The following code creates a dataframe `ds_features_df` which adds a column `features` to `ds_programs_text_df` that contains the `tfidf` of the column `text`:

In [None]:
# read-only
pipe_features = \
    Pipeline(stages=[
        feature.Tokenizer(inputCol='text', outputCol='words'),
        feature.CountVectorizer(inputCol='words', outputCol='tf'),
        feature.IDF(inputCol='tf', outputCol='tfidf'),
        feature.StandardScaler(withStd=False, withMean=True, inputCol='tfidf', outputCol='features')]).\
    fit(ds_programs_text_df)

Create a pipeline model `pipe_pca` that computes the two first principal components of `features` as computed by `pipe_features` and outputs a column `pc`. Use that pipeline to create a dataframe `ds_features_df` with the columns `id`, `name`, `url`, and `pc`.

In [None]:
# create the pipe_pca PipelineModel below (10 pts)
# YOUR CODE HERE
raise NotImplementedError()

In [None]:
# Tests for (10 pts)
np.testing.assert_equal(pipe_pca.stages[0],  pipe_features)
np.testing.assert_equal(type(pipe_pca.stages[1]),  feature.PCAModel)
np.testing.assert_equal(set(ds_features_df.columns), {'id', 'name', 'pc', 'url'})
np.testing.assert_equal(ds_features_df.first().pc.shape, (2, ))

# Question 3: (10 pts)

Create a scatter plot with the x axis containing the first principal component and the y axis containing the second principal component of `ds_features_df`

In [None]:
# below perform the appropriate 
# YOUR CODE HERE
raise NotImplementedError()

# Question 4 (10 pts)

Create two Pandas dataframes `pc1_pd` and `pc2_pd` with the columns `word` and `abs_loading` that contain the top 5 words in absolute loading for the principal components 1 and 2, respetively.
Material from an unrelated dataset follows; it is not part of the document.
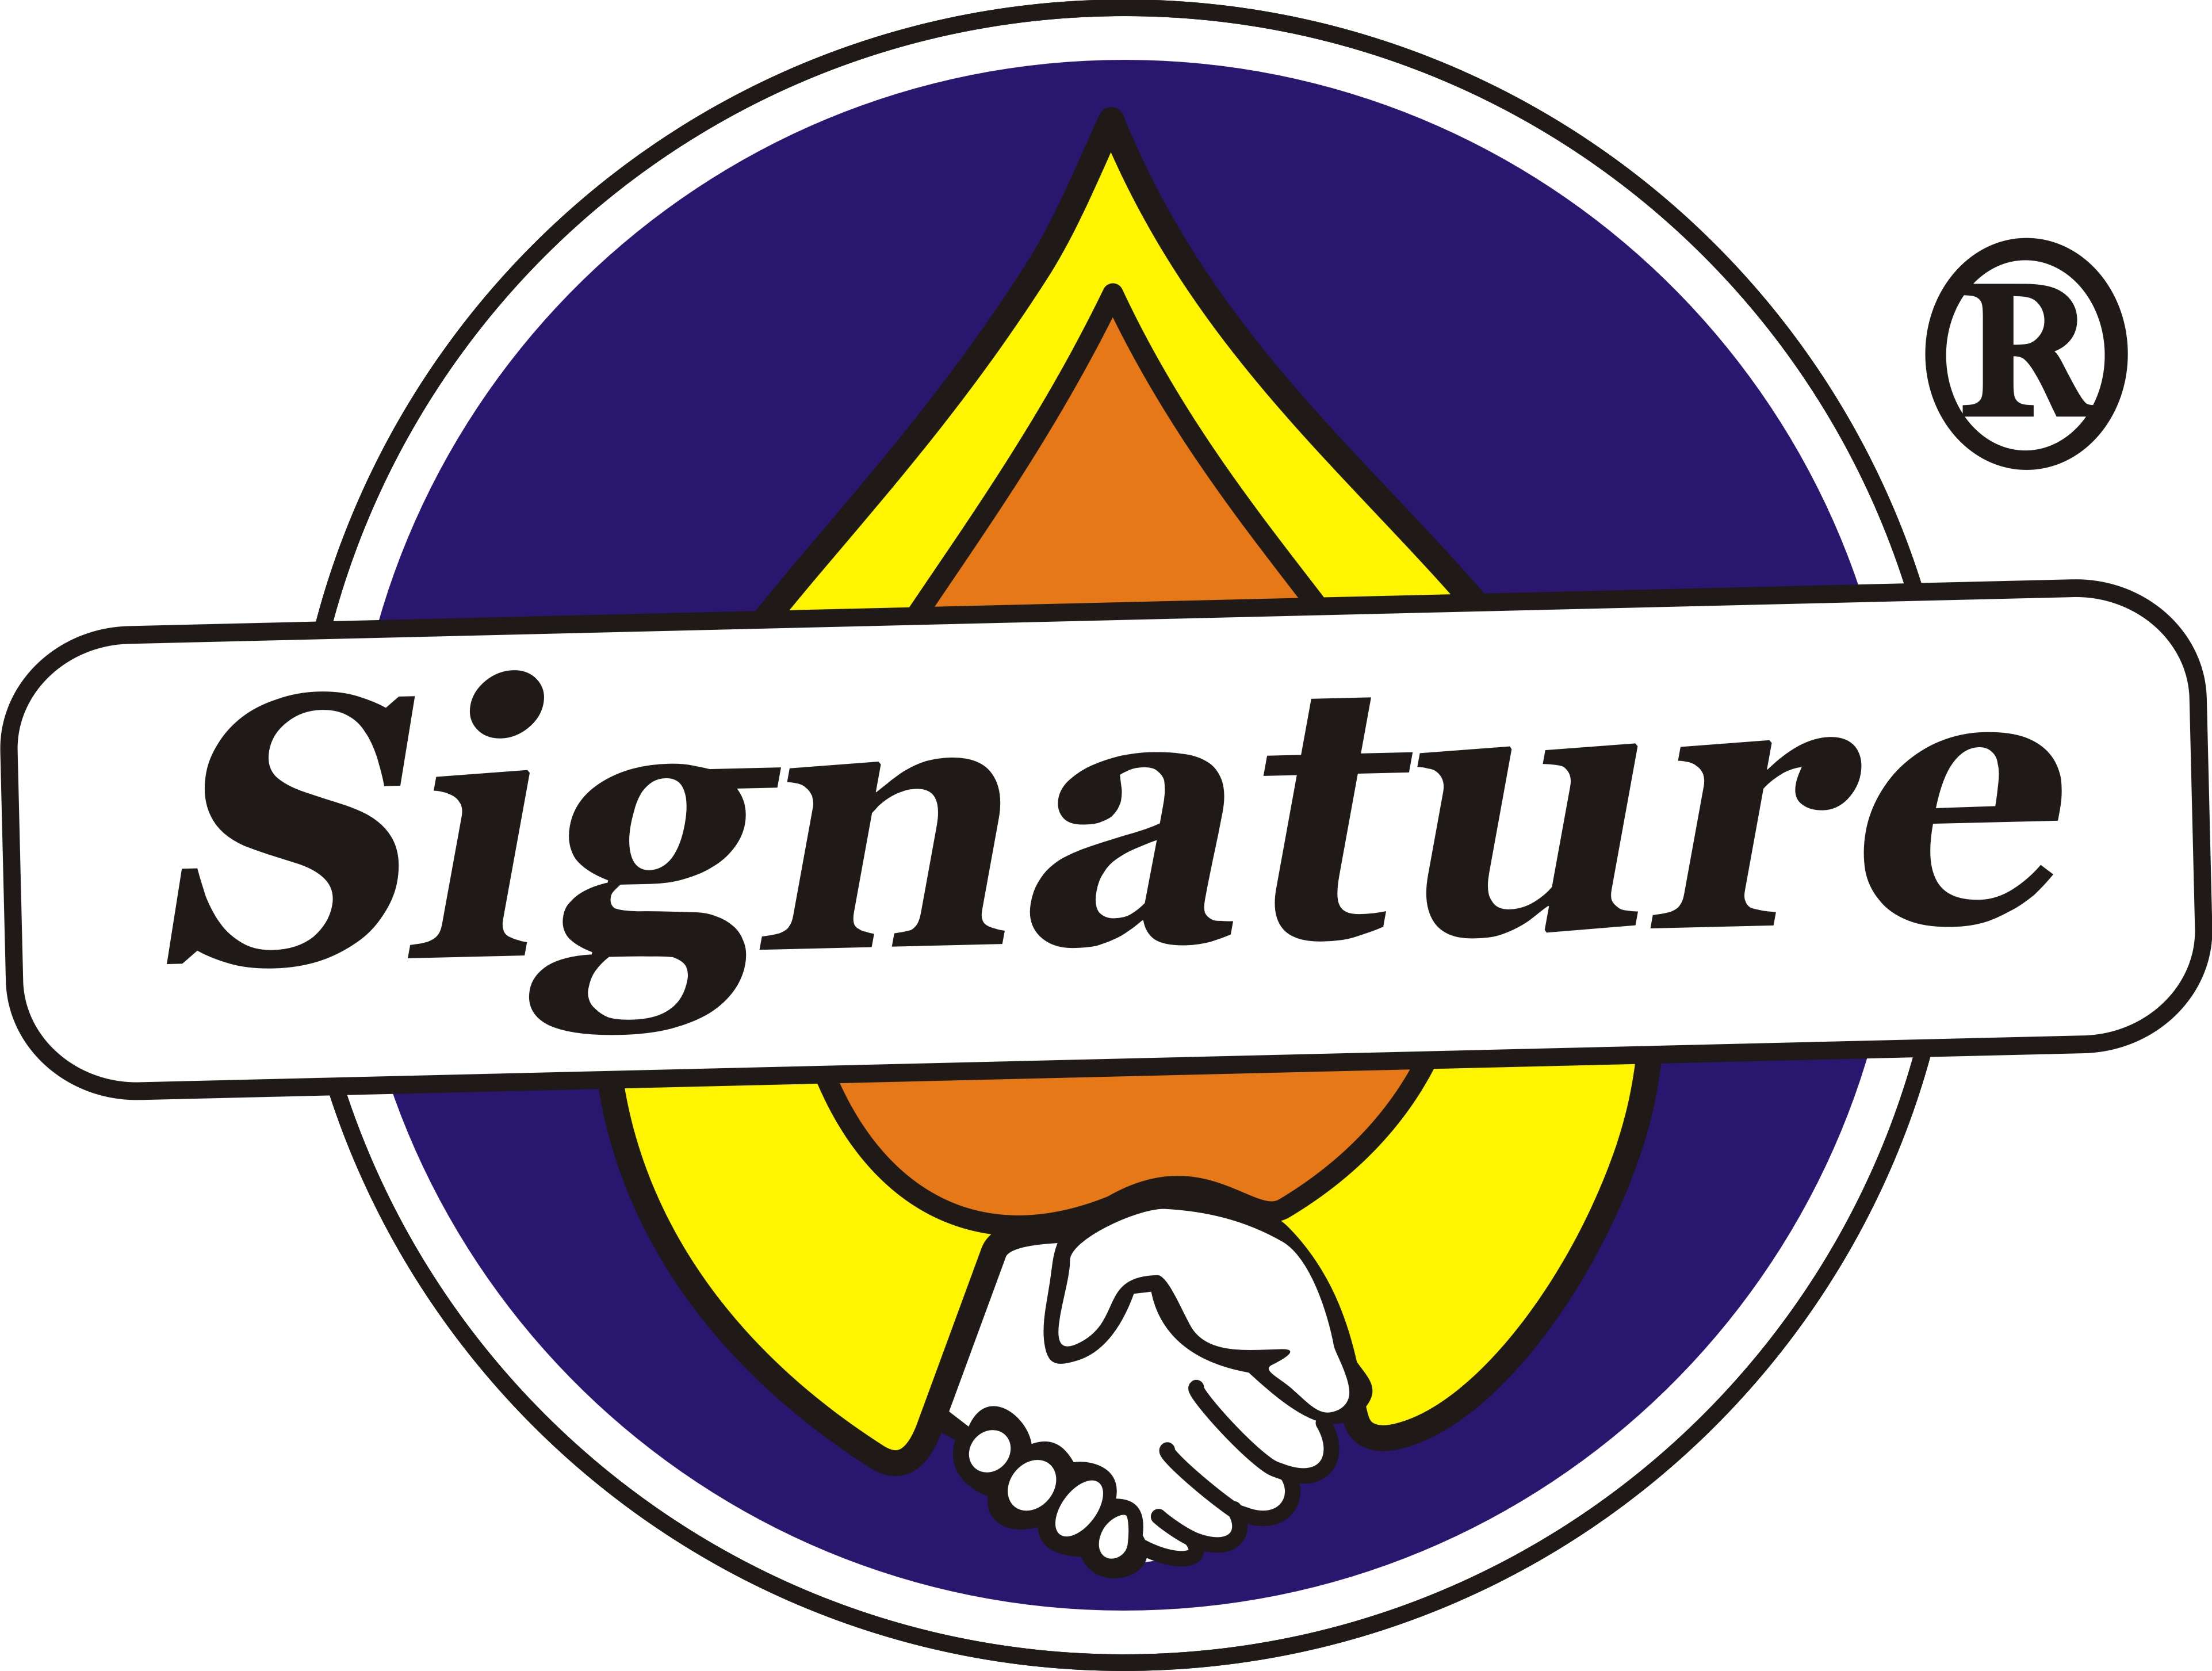 Signature Lubricants

You can extract the vocabulary from the stage that contains the count vectorizer in `pipe_features`:

In [None]:
# YOUR CODE HERE
raise NotImplementedError()

In [None]:
pc1_pd

In [None]:
pc2_pd

In [None]:
# (10 pts)
assert type(pc1_pd) == pd.core.frame.DataFrame
assert type(pc2_pd) == pd.core.frame.DataFrame
np.testing.assert_array_equal(pc1_pd.shape, (5, 2))
np.testing.assert_array_equal(pc2_pd.shape, (5, 2))
np.testing.assert_equal(set(pc1_pd.columns), {'abs_loading', 'word'})
np.testing.assert_equal(set(pc2_pd.columns), {'abs_loading', 'word'})

# Question 5: (10 pts)

Create a new pipeline for PCA called `pipe_pca2` where you fit 50 principal components. Extract the the `PCAModel` from the stages of this pipeline, and assign to a variable `explainedVariance` the variance explained by components of such model. Finally, assign to a variable `best_k` the value $k$ such that ($k+1$)-th component is not able to explain more than 0.01 variance. You can use a for-loop to find such best k.

In [None]:
# YOUR CODE HERE
raise NotImplementedError()

In [None]:
# Tests for (10 pts)
np.testing.assert_equal(pipe_pca2.stages[0],  pipe_features)
np.testing.assert_equal(type(pipe_pca2.stages[1]),  feature.PCAModel)
np.testing.assert_equal(len(explainedVariance), 50)
np.testing.assert_array_less(5, best_k)